5. Field Application of CIR-foam Mixtures
Based on the laboratory mix design of FDR-foam mixtures, the job mix formula for the field project specifies 2.5% foamed asphalt content at 170°C and 5.5% optimum water content. The FDR-foam mixture is produced using Cold mobile-batch recycling (CMR) equipment. The exact amount of materials are weighed and the optimum foamed asphalt content is injected in FDR-foam mixture. Fig. 7 shows the field application process of FDR-Foam mixture using CMR equipment in the field.

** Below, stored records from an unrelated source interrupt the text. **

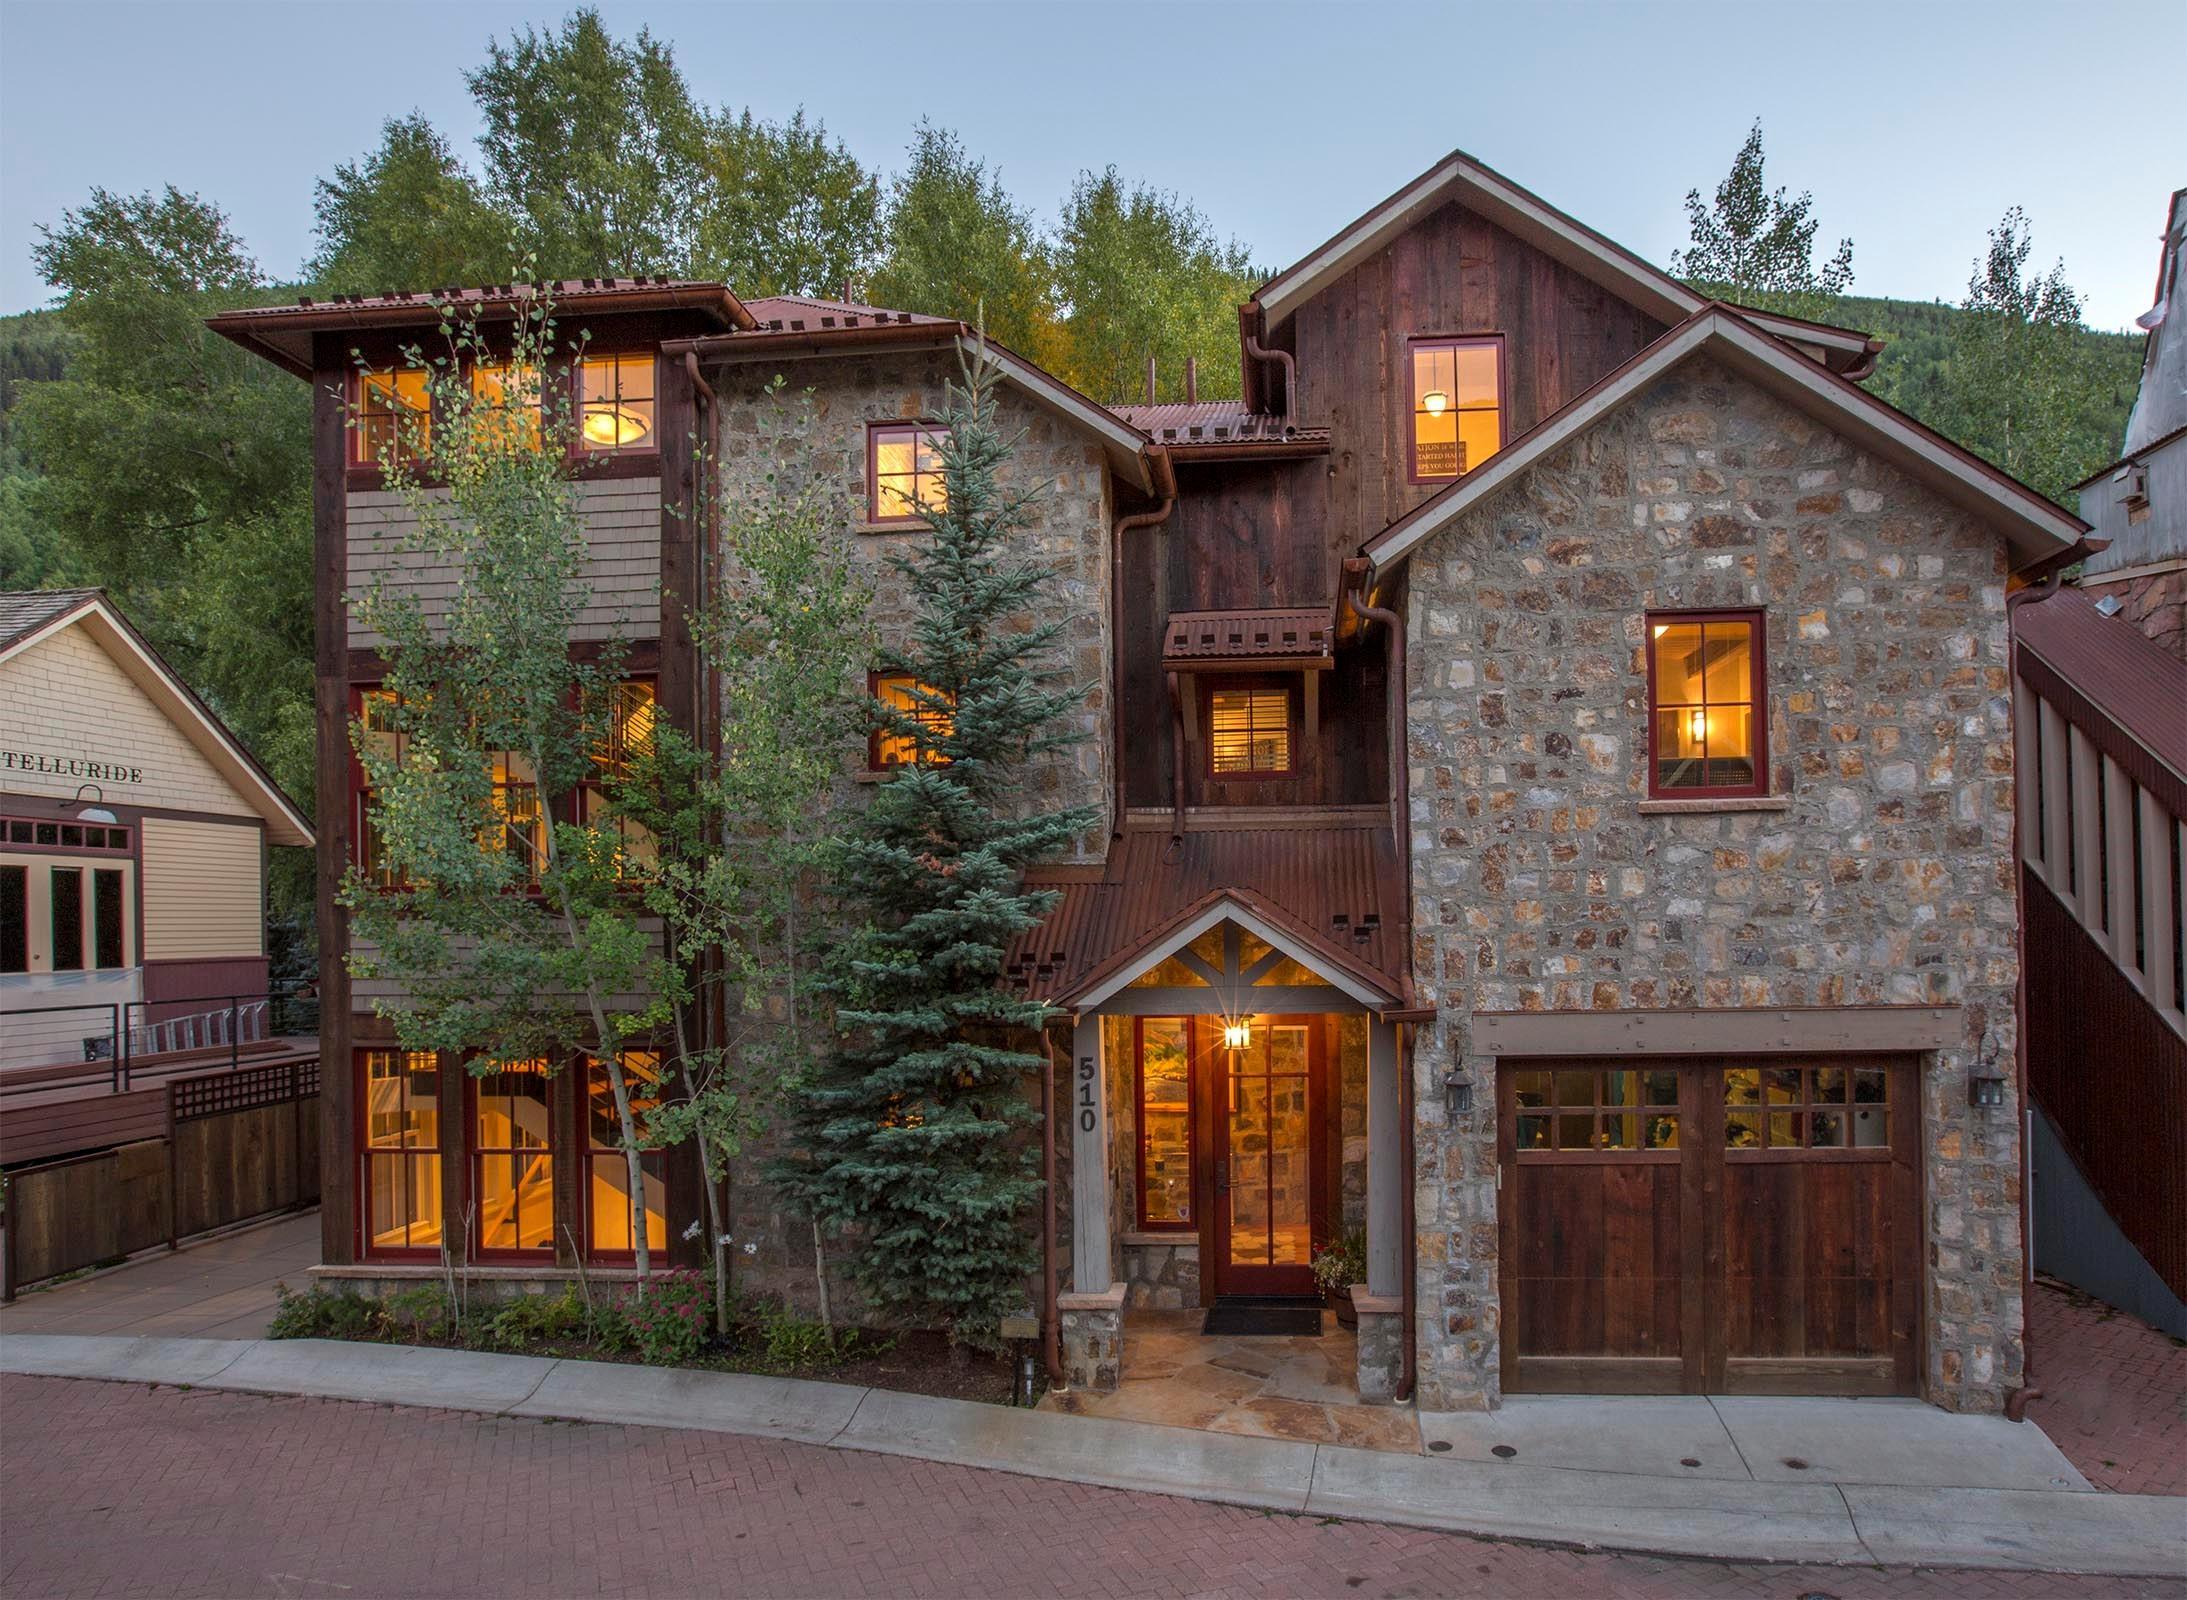 Telluride Mountain Retreat A Luxury Home For Sale In Telluride San
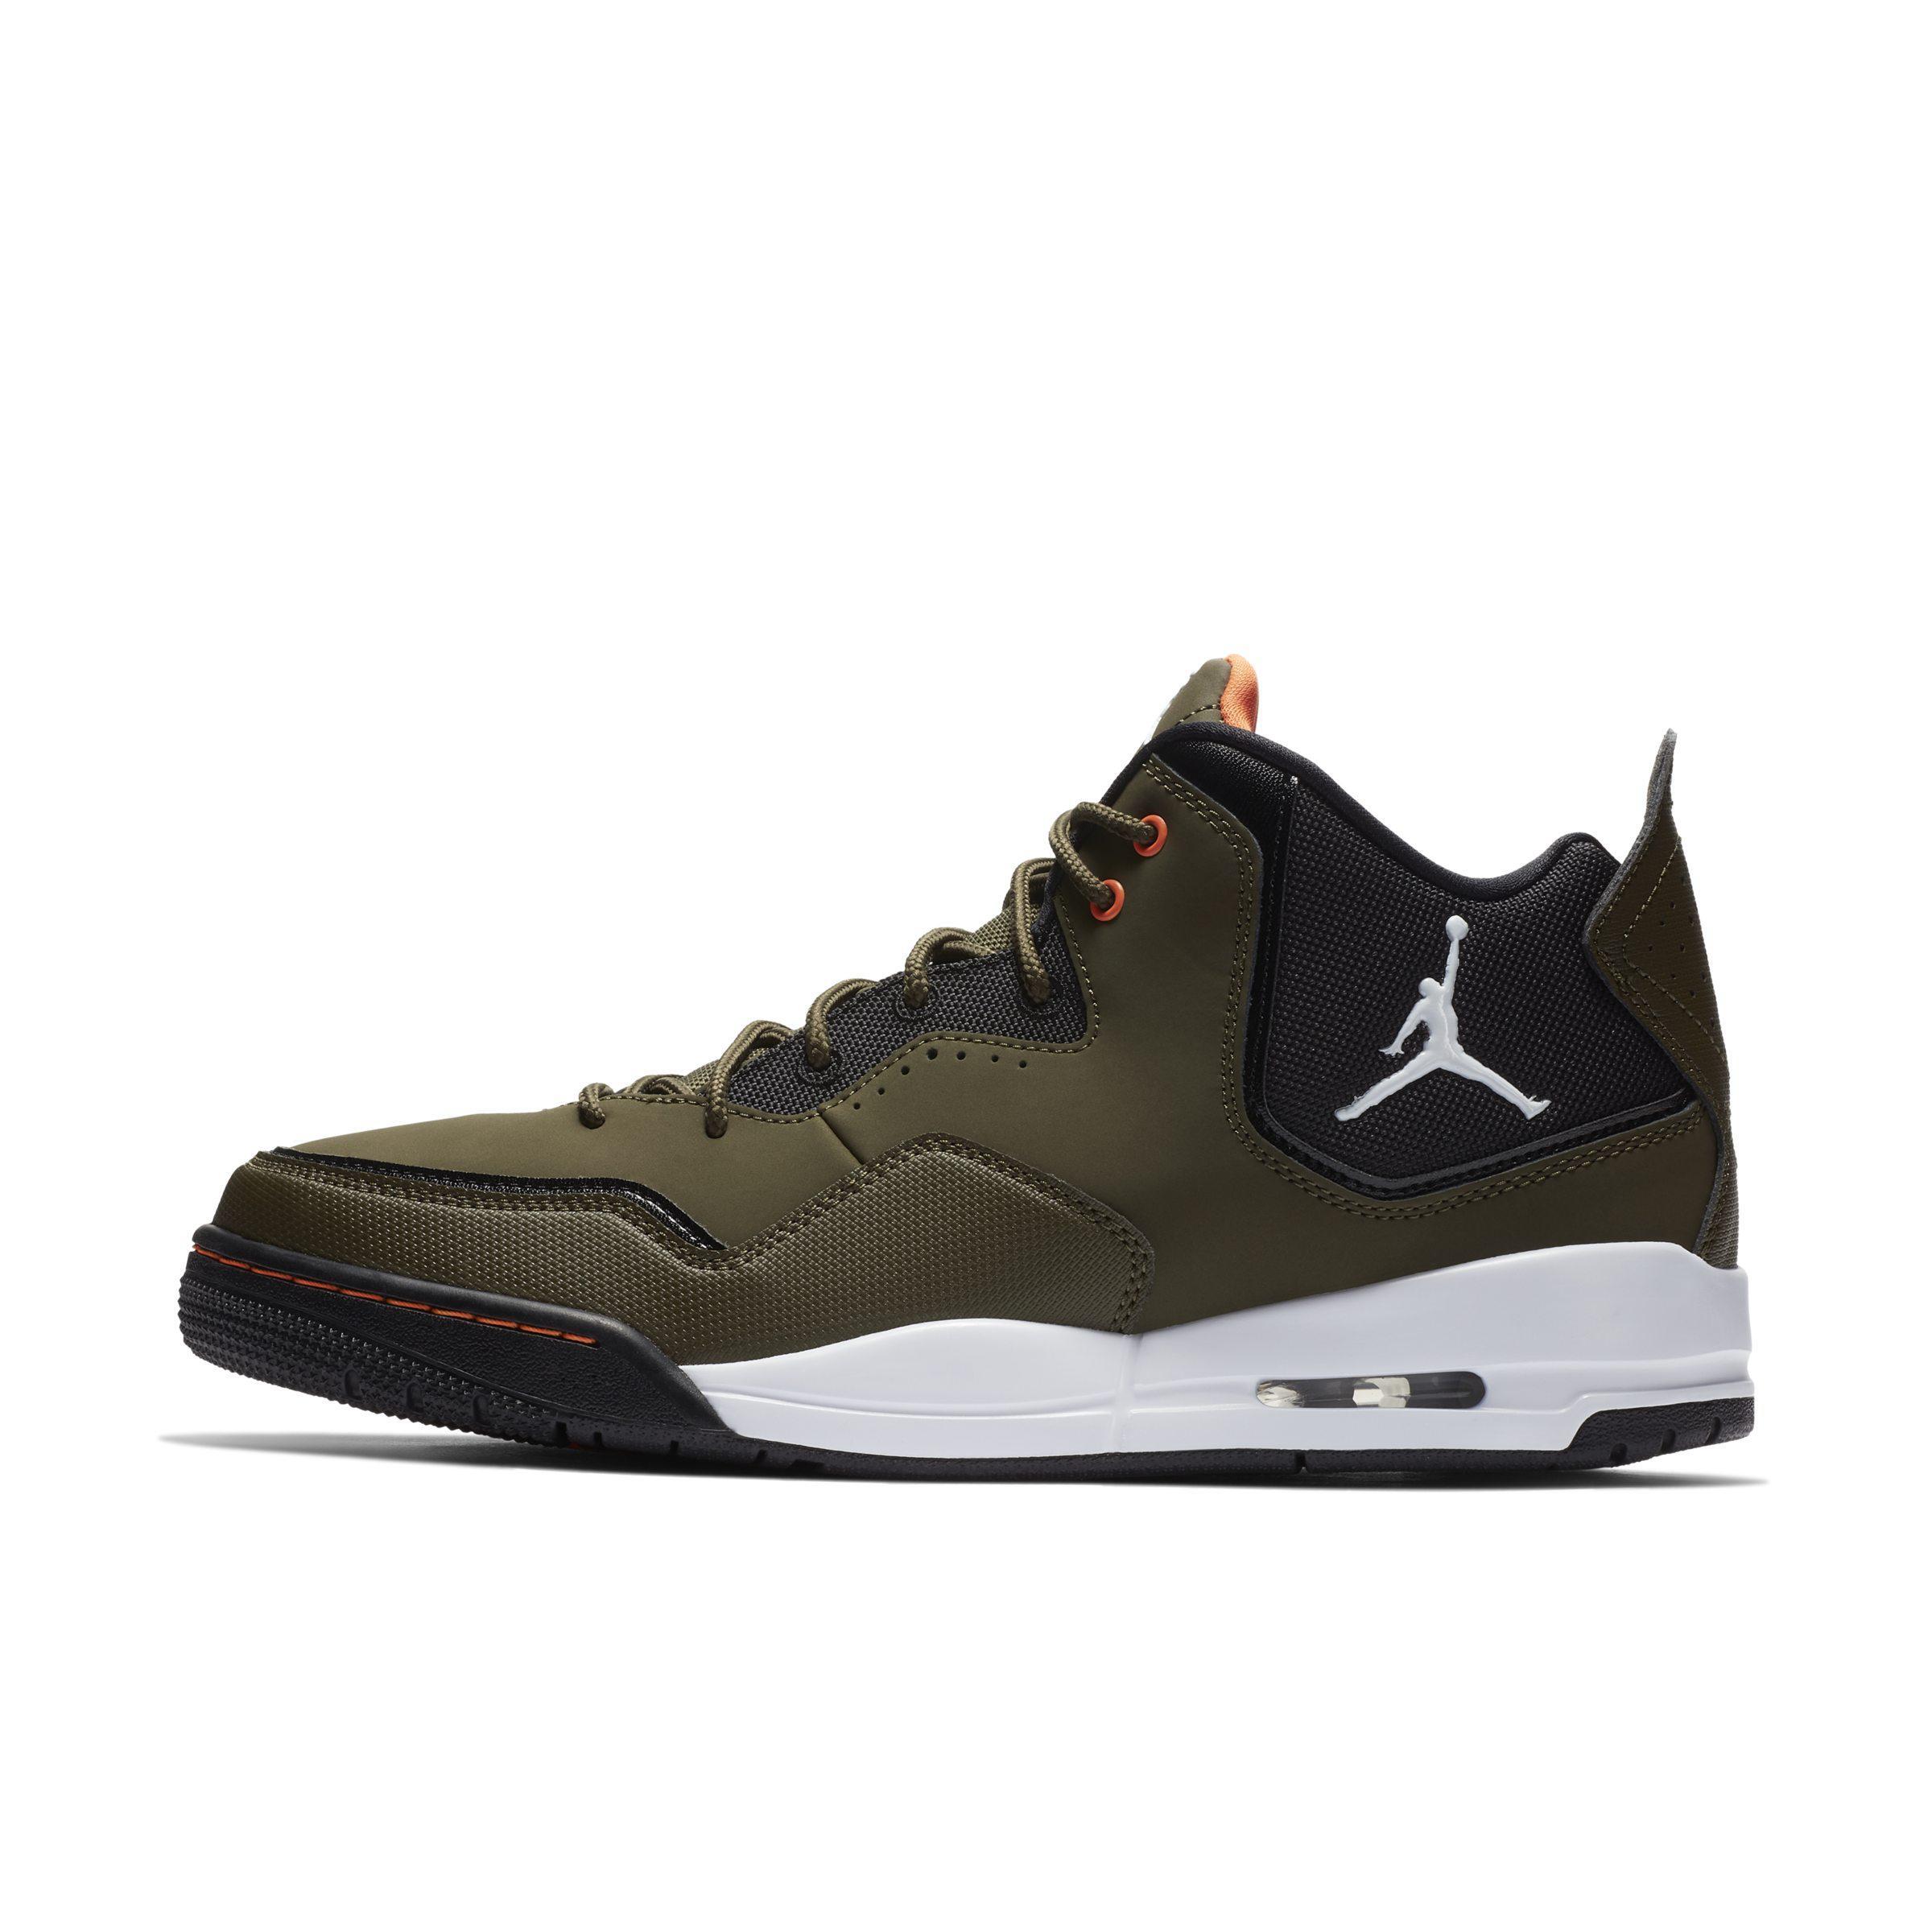 sports shoes a87d3 e3a25 Nike Jordan Courtside 23 Shoe in Green for Men - Lyst
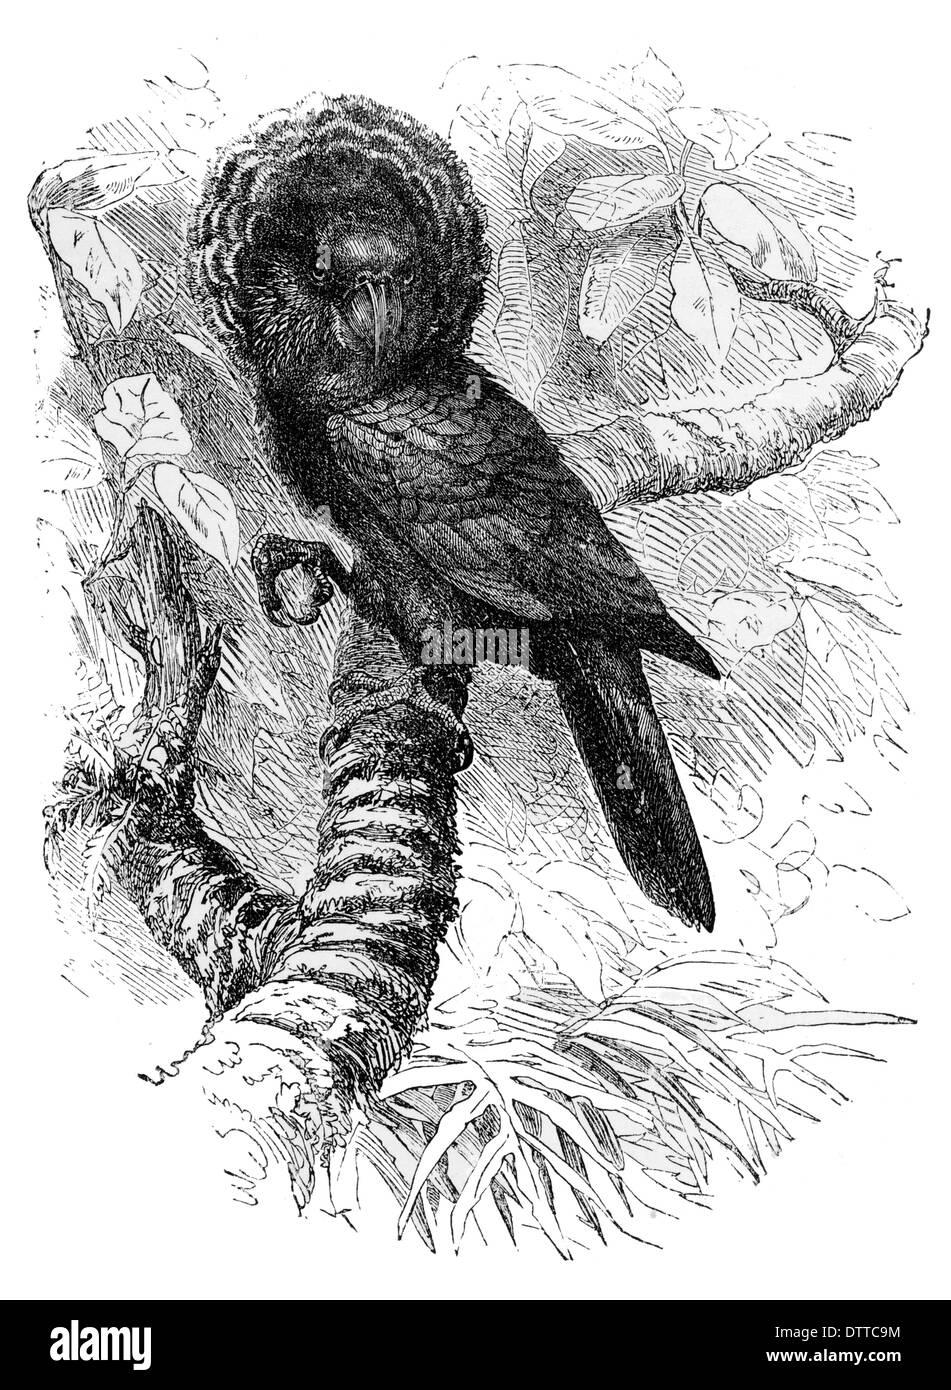 Crested Hawk Parrot Deroptyus accipitrinus coronatus - Stock Image

FDR-foam mixtures collected from job site were compacted at room temperature and cured in the oven at 60°C for 48 hours. After oven curing, Marshall stability and indirect tensile tests under two test conditions (dry and wet) were conducted to identify the quality of FDR-foam mixtures. Fig. 8 shows the laboratory test results of FDR-foam mixtures collected from job site. The Marshall stability values of FDR-foam mixtures collected from job site are similar to those of FDR-foam mixtures prepared in the laboratory.
6. Conclusions
Full-depth reclamation with foamed asphalt (FDR-foam) has become a more common practice in rehabilitating the existing asphalt pavement due to its cost effectiveness and the conservation of paving materials. The main objective of the case study is to determine the optimum foaming water content needed to produce the best foam properties and the optimum foamed asphalt content needed to produce the best FDR-foam mixture in the laboratory. Following the procedure outlined in the basic asphalt recycling manual, laboratory mix design is conducted to determine the optimum foamed asphalt content of FDR-foam mixtures. Based on the limited laboratory mix design results, The optimum foaming water content of 1.75% was selected to achieve an expansion ratio of 6.7 and a half-life of 11 seconds and the optimum foamed asphalt content between 2.5% and 3.0% is recommended. For the field application, FDR-foam mixture is produced using cold mobile-batch recycling (CMR) equipment and Marshall stability values of FDR-foam mixtures collected from job site are similar to those of FDR-foam mixtures prepared in the laboratory. It could be postulated that laboratory mix design results are suitable for the field application of FDR-foam mixture.